South Sudan has made repeated commitments to tackle sexual violence. In 2014, President Salva Kiir signed a joint communiqué with the United Nations agreeing to be a champion in the fight against conflict-related sexual violence in South Sudan; in 2015 the opposition SPLM/A-IO announced its Action Plan to tackle sexual violence and a further Implementation Plan; in 2019 the army unveiled an Action Plan to tackle sexual violence; and in 2020 South Sudan started a Gender Based Violence Court in the capital Juba. Nevertheless, being gang raped is still one of the main ways in which women and girls experience the ongoing conflicts, with the vast majority of cases unreported because of fear of rejection by families and communities.

The Commission noted that this was not the first-time serious allegations have been leveled against the County Commissioner , the UN Commission earlier published details alleging that he instigated attacks against civilians while a Commissioner in 2018 and was briefly put under house arrest but then reinstated.

It said that victims in this area experienced attacks in 2013, 2014, 2016, 2018, and now 2022, and complain that lack of criminal accountability has fuelled the repeated violence.

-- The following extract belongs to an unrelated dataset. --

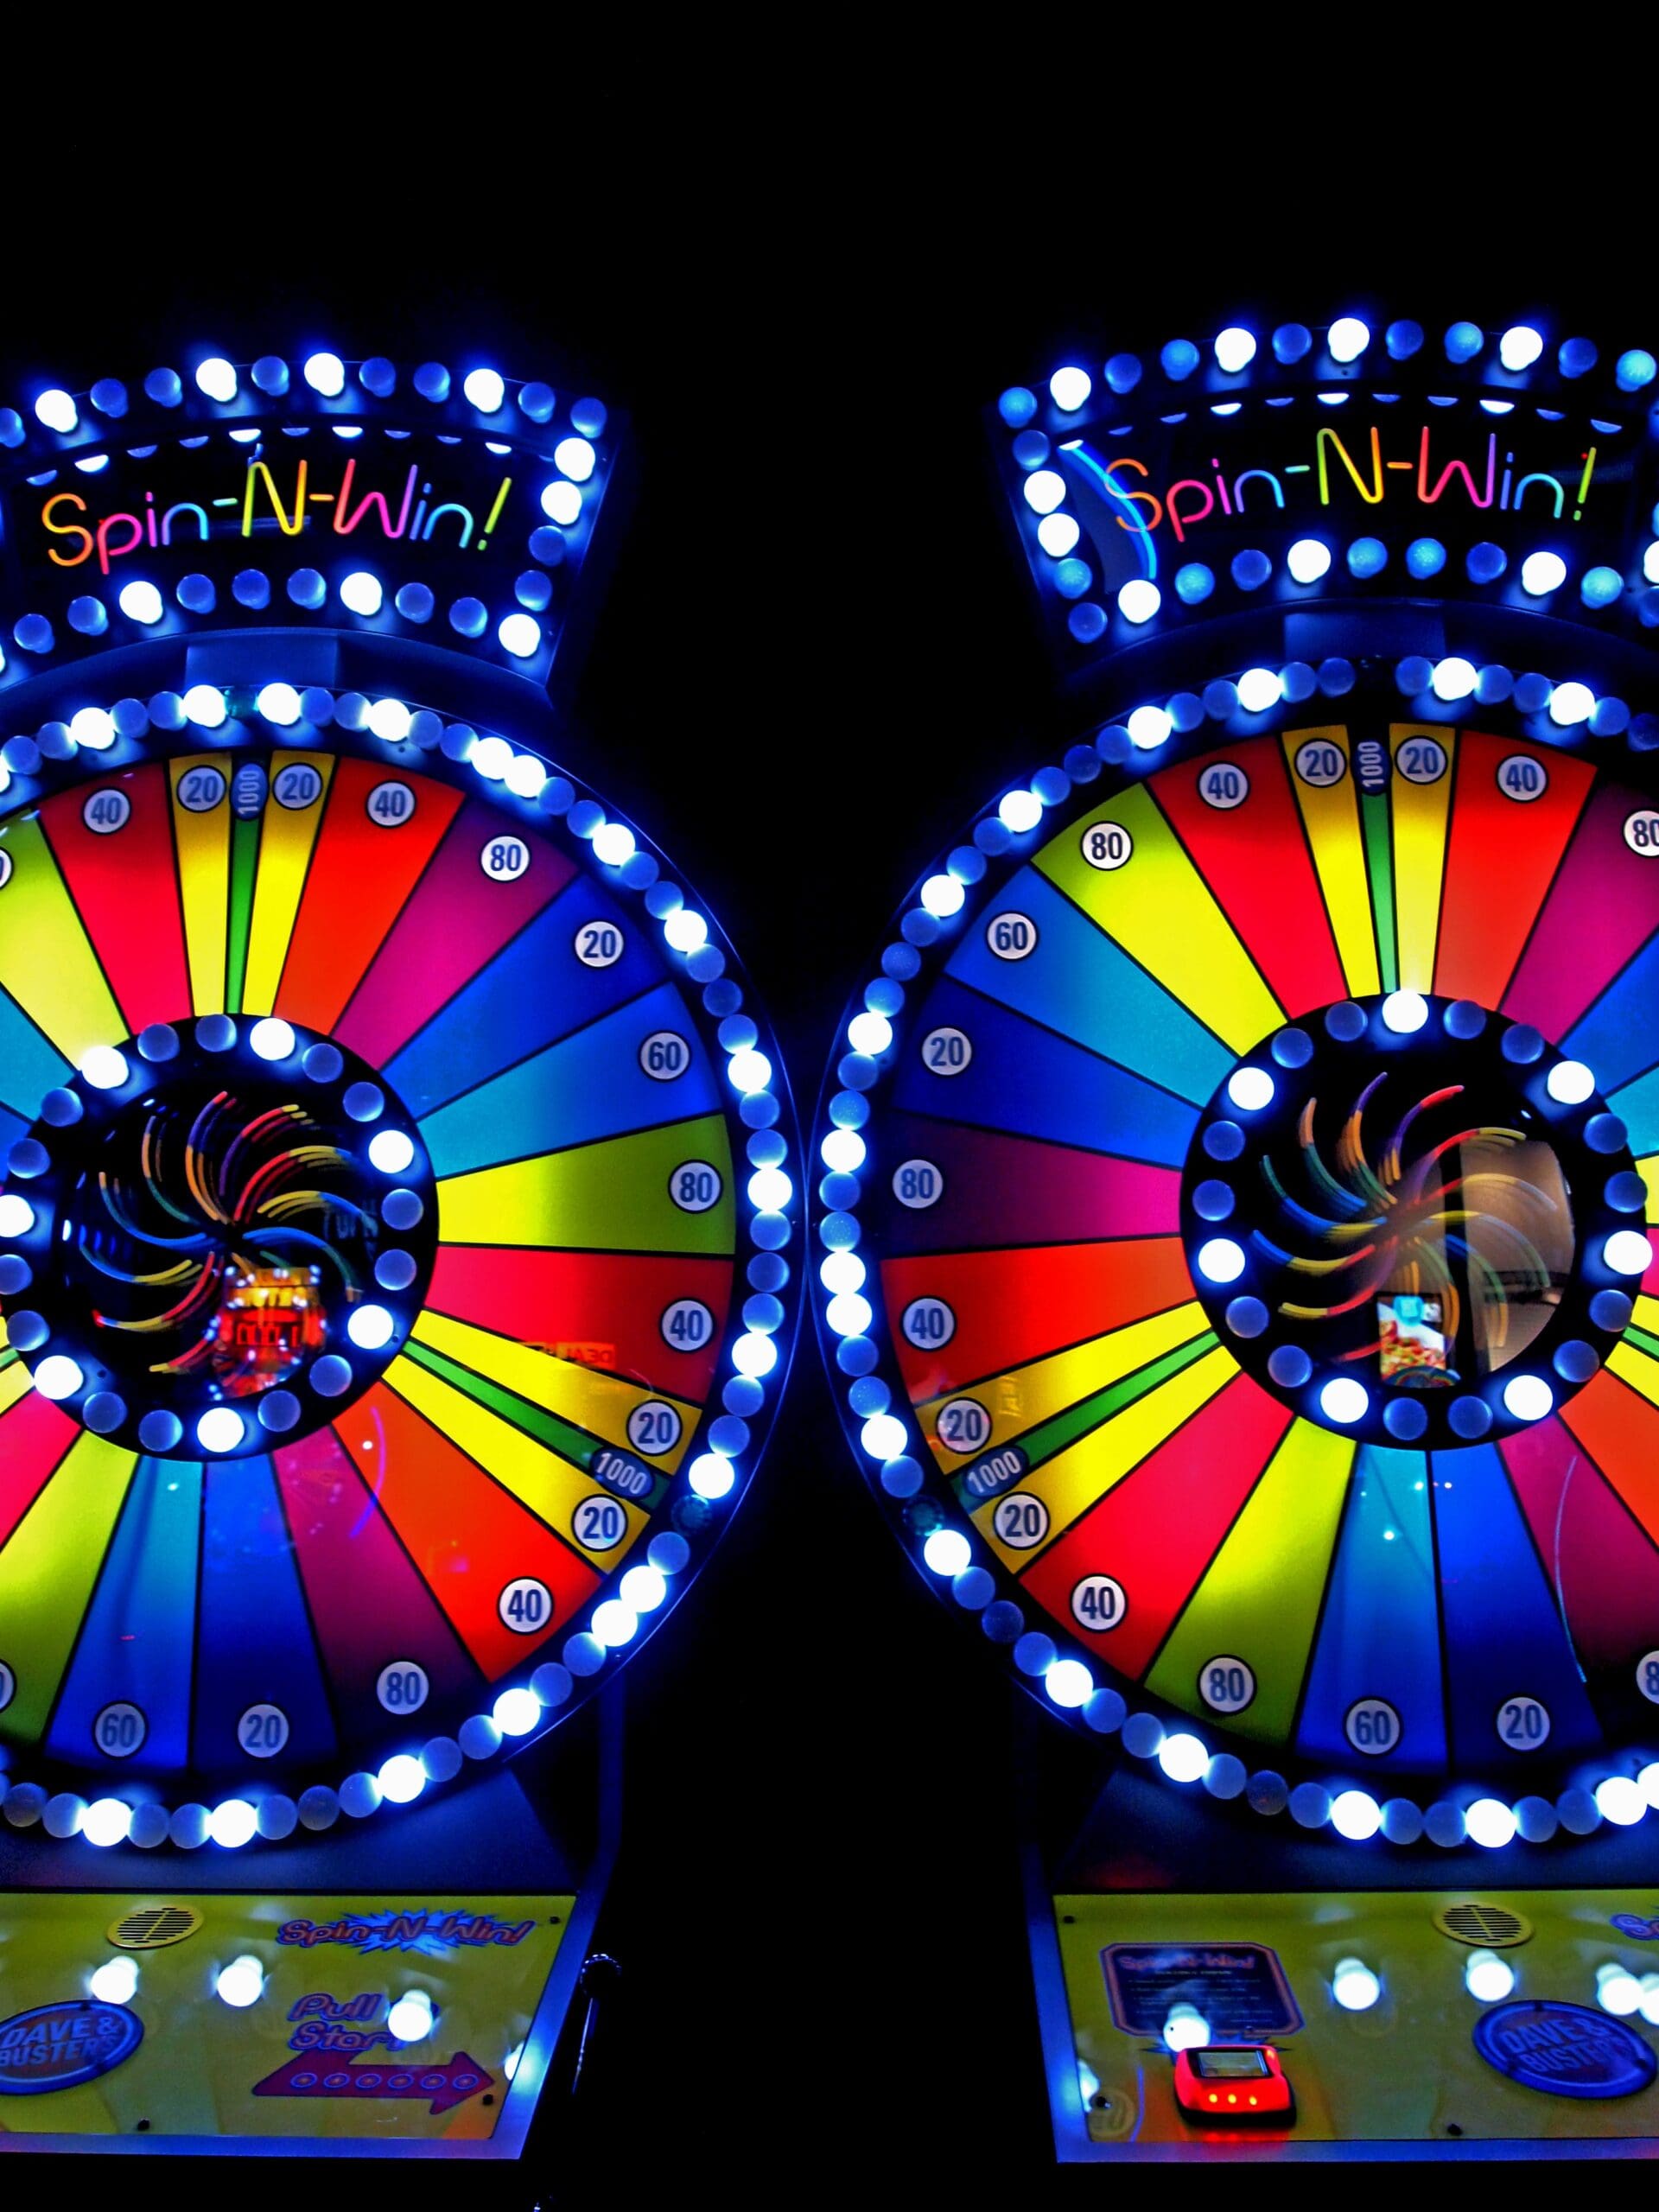 casino slot machine tips and tricks

The UN Commission on Human Rights is mandated by the UN Human Rights Council in Geneva to collect and preserve evidence for use in a future Hybrid Court, the establishment of which has been delayed for many years. The Commission has been present on the ground in South Sudan for six years meticulously interviewing more than a thousand witnesses and victims.

A delegation from the government of South Sudan is also attending the London conference.